32 here and probably lower humidity than that. Hell we are a high mt. desert climate. 30% is normal in summer.


----------



## jimmythewoodworker (Feb 23, 2012)

My workshop was running at 15% until I added an AOS humidifier. Now I'm at 50%............no more shocks from my equipment................Jimmy


----------



## woodtickgreg (Feb 24, 2012)

jimmythewoodworker said:


> My workshop was running at 15% until I added an AOS humidifier. Now I'm at 50%............no more shocks from my equipment................Jimmy


Only 15% in jersey, wow I never would have imagined jersey would be so low.
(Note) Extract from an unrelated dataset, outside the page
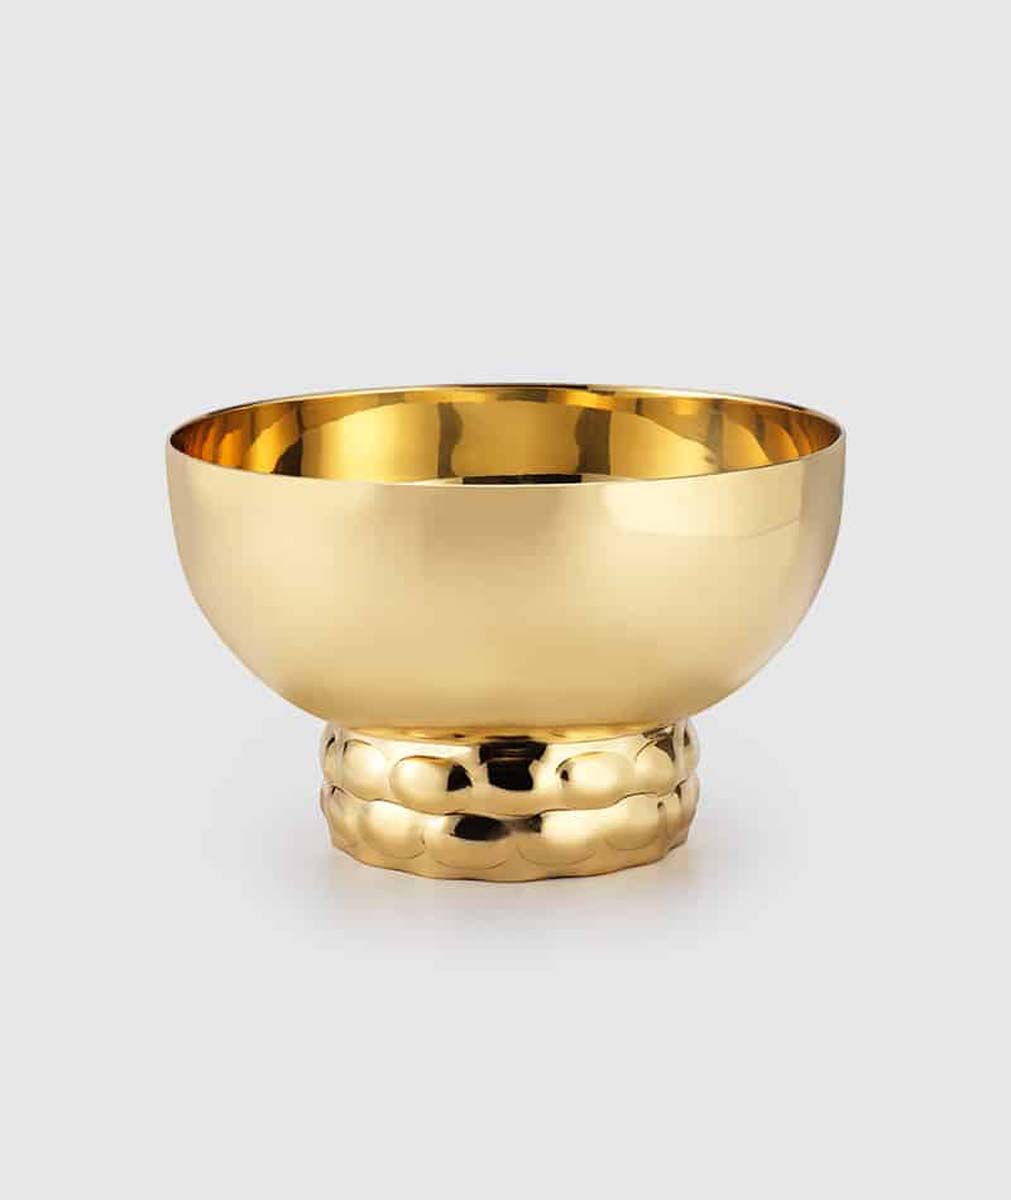 Helios Gold Tone Bowl w Footrim 6 x 3.75 by Mary Jurek Design

I know what you mean about static shocks though, I let the cats sniff my finger and watch the spark jump off my finger to there nose and watch their eyes cross and they look at me like what the he--:diablo: cracks me up every time. Only happens in the winter.


----------



## jimmythewoodworker (Feb 24, 2012)

woodtickgreg said:


> jimmythewoodworker said:
> 
> 
> > My workshop was running at 15% until I added an AOS humidifier. Now I'm at 50%............no more shocks from my equipment................Jimmy
> ...



I got real tired of the shocks. My orbital sander is hooked to a Festool dust collector. The vacuum would create such a static shock that I would get sick to my stomach sometimes....OUCH......so I started wearing rubber gloves.:scare::scare:...............Jimmy


----------